Wintsch K
Handchir Mikrochir Plast Chir. 1986 Jul;18(4):231-5.
For the reconstruction of the nostril a nasolabial flap is recommended. According to the method of Pers (1967), the upper part of the flap is used for lining and the lower part for the outside coverage of the defect. In order to avoid lateral traction on the nostril, the author recommends that a small triangular flap with an inferior pedicle is left between the nasolabial flap and the nostril. For total reconstruction of the nose, a frontal flap with a primary cantilever bone graft as described by Millard (1966) is suggested. We advise to take one half of forehead skin. This gives a less obvious donor site and enough length in the diagonal direction for the dorsum of the nose and the columella. For the leprotic nose it is emphasized that no skin loss is present, there is only a loss of lining and support. In all advanced cases a large septal defect is encountered. The reliable postnasal inlay of Gillies is mentioned but the draw back to this method is that the care of the postnasal prosthesis may be difficult for leprosy patients with disabled hands. Secondary bone grafting after this procedure has a high failure rate because of infection. For these reasons the reconstruction of lining by two nasolabial flaps according to Farina (1957) is described. The author has regularly used this method with a primary cantilever graft. A modification is again suggested. A small triangular skin flap is raised with the ala, thus avoiding lateral traction on the nostrils after closure of the donor site.

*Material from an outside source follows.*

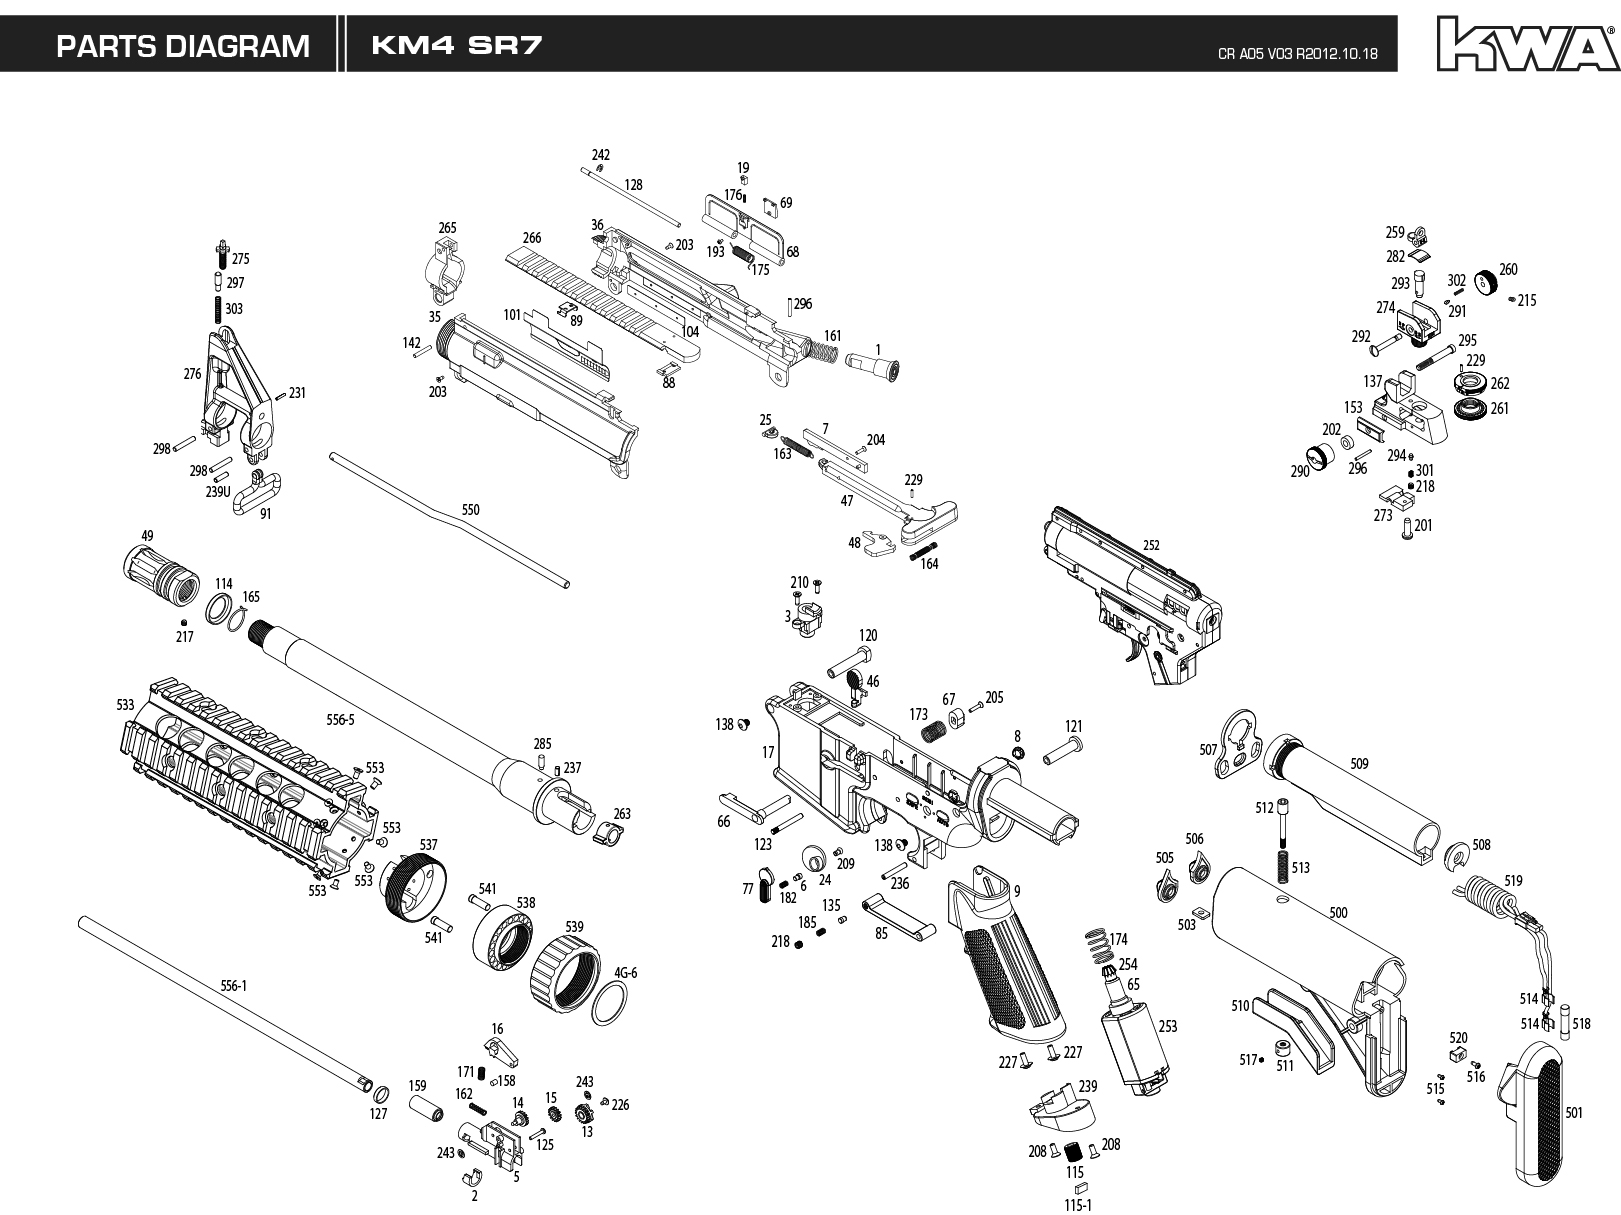 M4 Carbine Parts Diagram Wiring
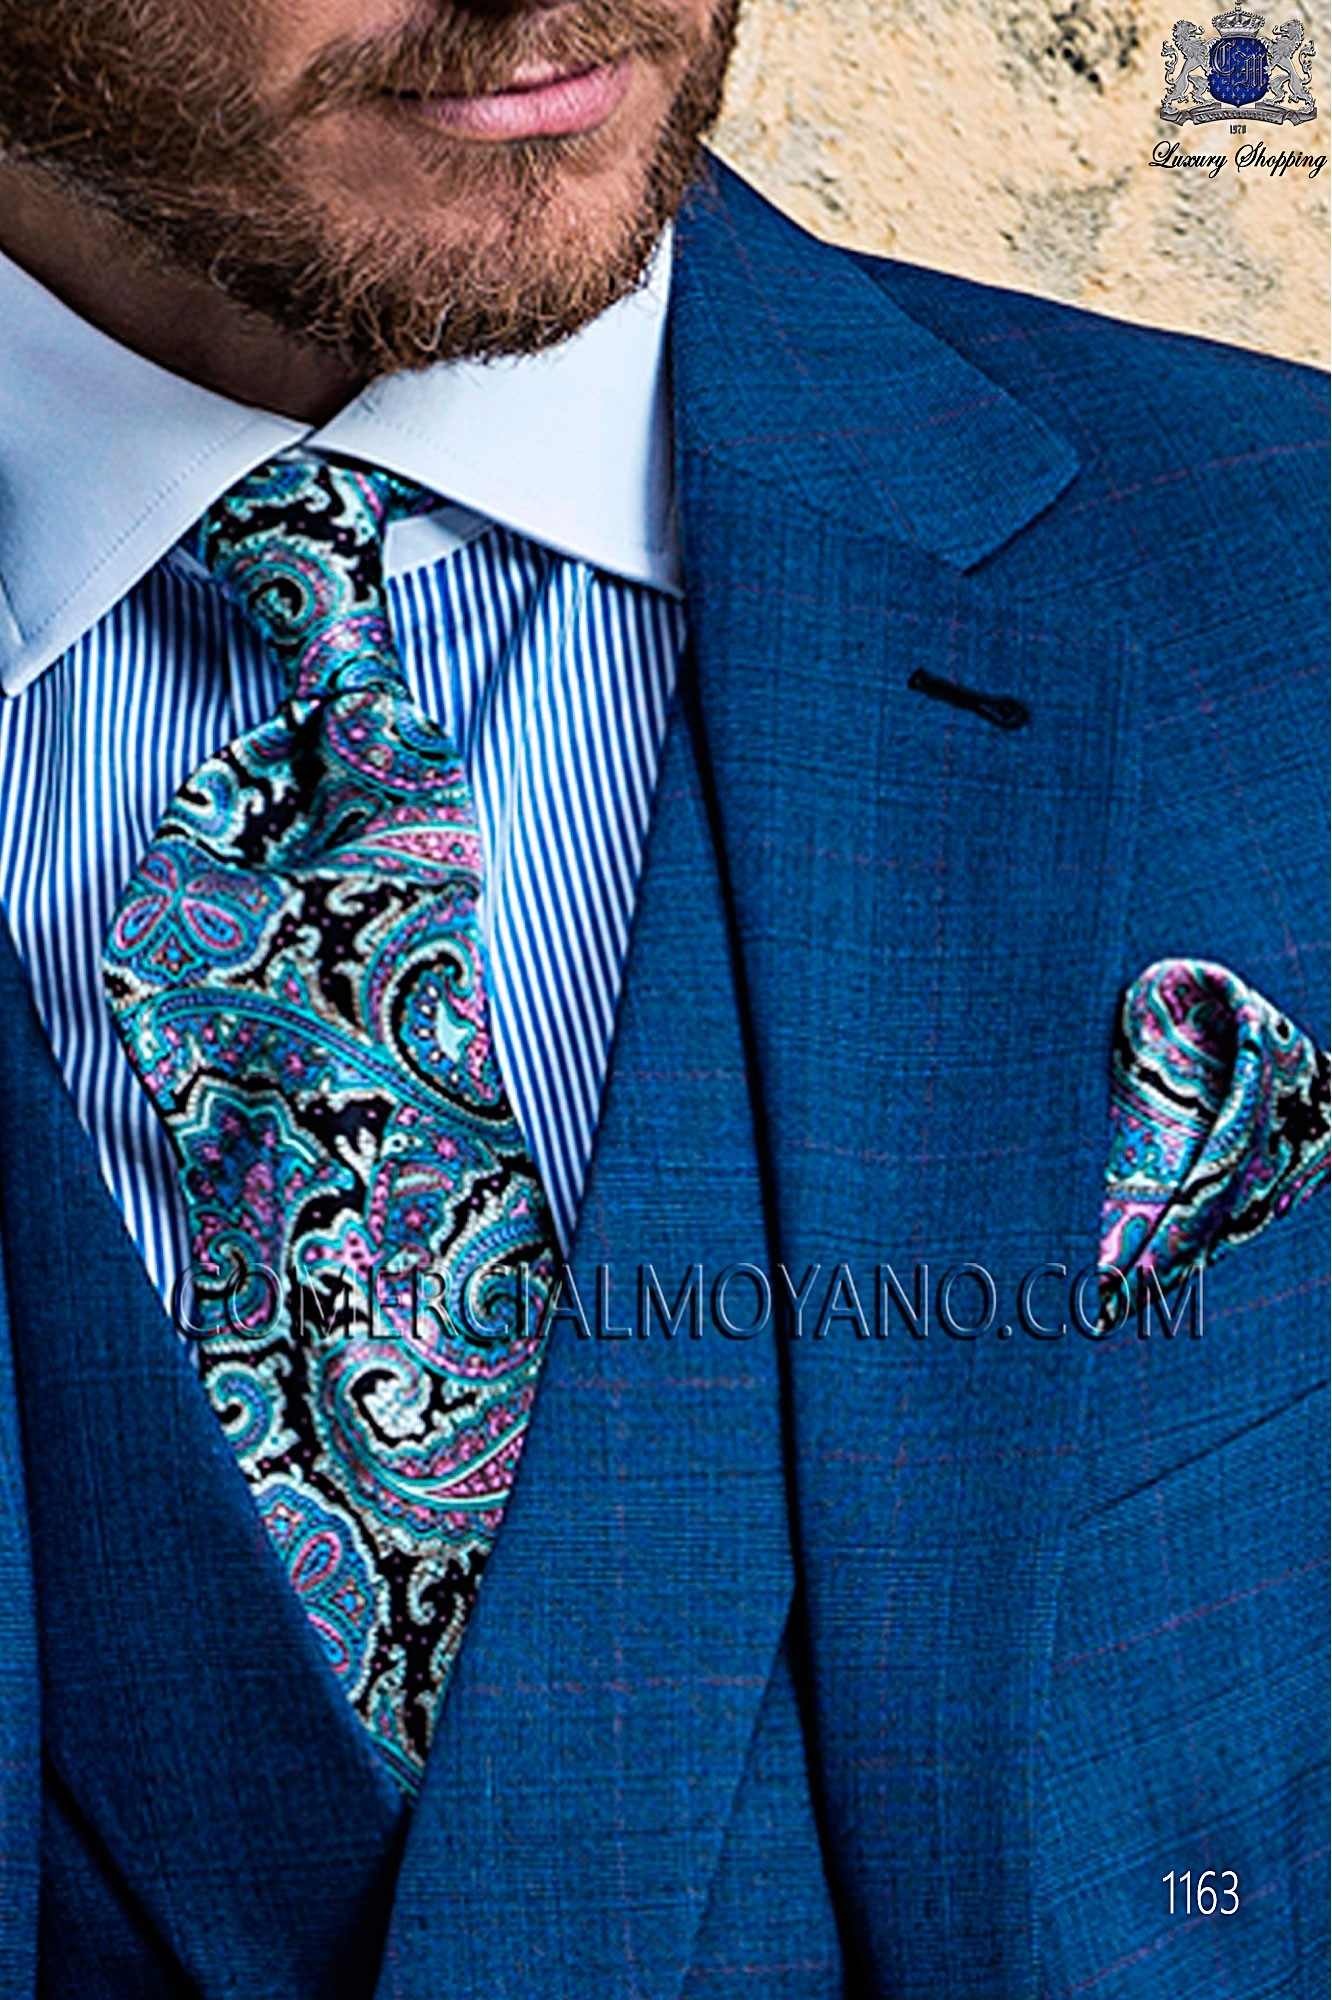 Traje Gentleman de novio Azul modelo: 1163 Ottavio Nuccio Gala colección Gentleman 2017

对于鼻孔重建,推荐使用鼻唇瓣。根据佩尔斯(1967年)的方法,瓣的上部用于衬里,下部用于缺损的外部覆盖。为避免对鼻孔的侧向牵拉,作者建议在鼻唇瓣和鼻孔之间保留一个带下方蒂的小三角形瓣。对于全鼻重建,建议采用米勒德(1966年)所描述的带一期悬臂骨移植的额瓣。我们建议取用一半的额部皮肤。这样供区不太明显,且在鼻背和鼻小柱的对角线方向有足够的长度。对于麻风性鼻,需要强调的是不存在皮肤缺失,只是衬里和支撑结构缺失。在所有晚期病例中,都会遇到较大的鼻中隔缺损。提及了吉利斯可靠的鼻后嵌体,但该方法的缺点是,对于手部残疾的麻风患者,鼻后假体的护理可能困难。此手术后的二期骨移植因感染而失败率很高。出于这些原因,描述了根据法里纳(1957年)的方法用两个鼻唇瓣重建衬里。作者经常使用这种带一期悬臂移植的方法。再次建议进行改良。掀起一个与鼻翼相连的小三角形皮瓣,这样在供区闭合后可避免对鼻孔的侧向牵拉。